Ese es el sentido de la idea que se quiere transmitir en la jornada de este año: «Sin ti, no hay presente. Contigo hay futuro». En la vida social y política de los pueblos, la importancia de cada persona se pone de relieve cuando llegan las jornadas electorales que determinan el futuro de la sociedad. Por eso, los líderes políticos buscan el voto en las grandes ciudades y en los pueblos más perdidos de la geografía. La Iglesia no es una comunidad política. Su fuerza no reside en el número de los que la constituyen como familia o pueblo de Dios.

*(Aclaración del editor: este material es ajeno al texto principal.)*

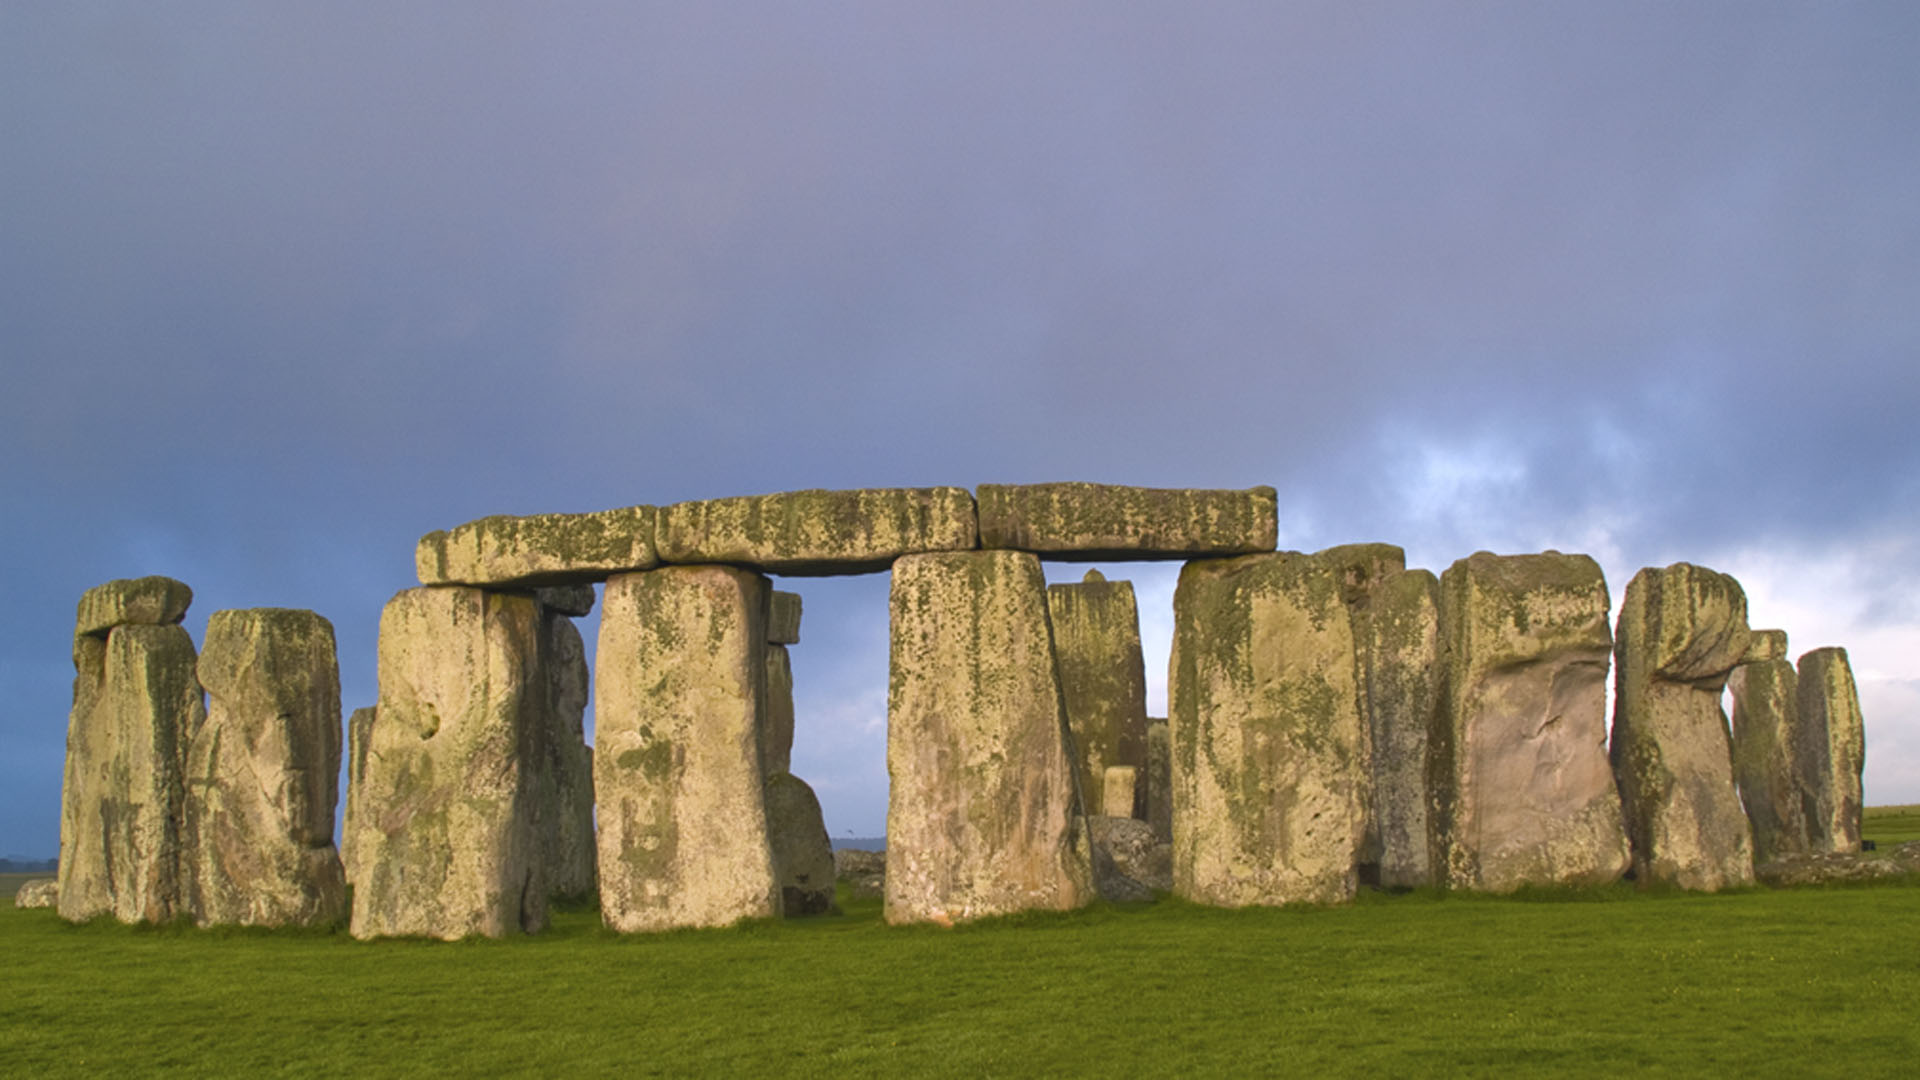 Famous Rock Group, Stonehenge, Wiltshire, England  № 715543 загрузить

El valor de cada individuo reside en que es un miembro del Cuerpo de Cristo, que siente la responsabilidad del testimonio público en la sociedad. Por eso, el presente de la Iglesia implica a cada bautizado sin excepción. Y el futuro de la Iglesia nos permite acrecentar la esperanza en la medida en que cada cristiano asume su pertenencia a la Iglesia entregándose a sí mismo como hizo Cristo.

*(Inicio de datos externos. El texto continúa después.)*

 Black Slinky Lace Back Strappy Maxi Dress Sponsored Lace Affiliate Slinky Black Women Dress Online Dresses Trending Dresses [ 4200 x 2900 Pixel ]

La Iglesia, como familia de Dios, es una hermosa comunión de bienes espirituales y materiales. Todos aportamos lo propio y acogemos los talentos de los demás. Esta comunión es una característica esencial de la Iglesia, como sabemos por el libro de los Hechos de los apóstoles. Los cristianos participaban de un patrimonio común que hacía posible el desarrollo de las grandes acciones de la Iglesia: evangelización, culto y caridad. Lo espiritual —en una visión cristiana del hombre— no puede separarse de lo material. En esta jornada la Iglesia diocesana hace pública su actividad y cómo distribuye la aportación de los fieles. Así aparecen claramente los dos aspectos de la Iglesia: dar y recibir. El pueblo cristiano, que construyó sus templos y catedrales, es el mismo pueblo que evangeliza y atiende las necesidades de los más pobres. Culto y dinamismo social están íntimamente unidos, porque, en la medida en que participamos de la liturgia de Cristo, nos comprometemos más y mejor en la expresión visible de la caridad. Podemos decir incluso que, sin culto a Cristo en los sacramentos que él ha instituido, es imposible la verdadera caridad. Por eso, los grandes maestros de la fe han acentuado la íntima relación entre la acción sagrada de la liturgia y el testimonio de la caridad en sus diversas expresiones. Presente y futuro de la Iglesia van de la mano gracias a la entrega de Cristo por los hombres. Su entrega —actualizada en los sacramentos de la Iglesia— nos estimula a hacer nosotros lo mismo. Por ello, invito a cada cristiano a expresar en su vida la entrega radical de Cristo, que no vino a ser servido sino a servir y dar su vida por los hombres.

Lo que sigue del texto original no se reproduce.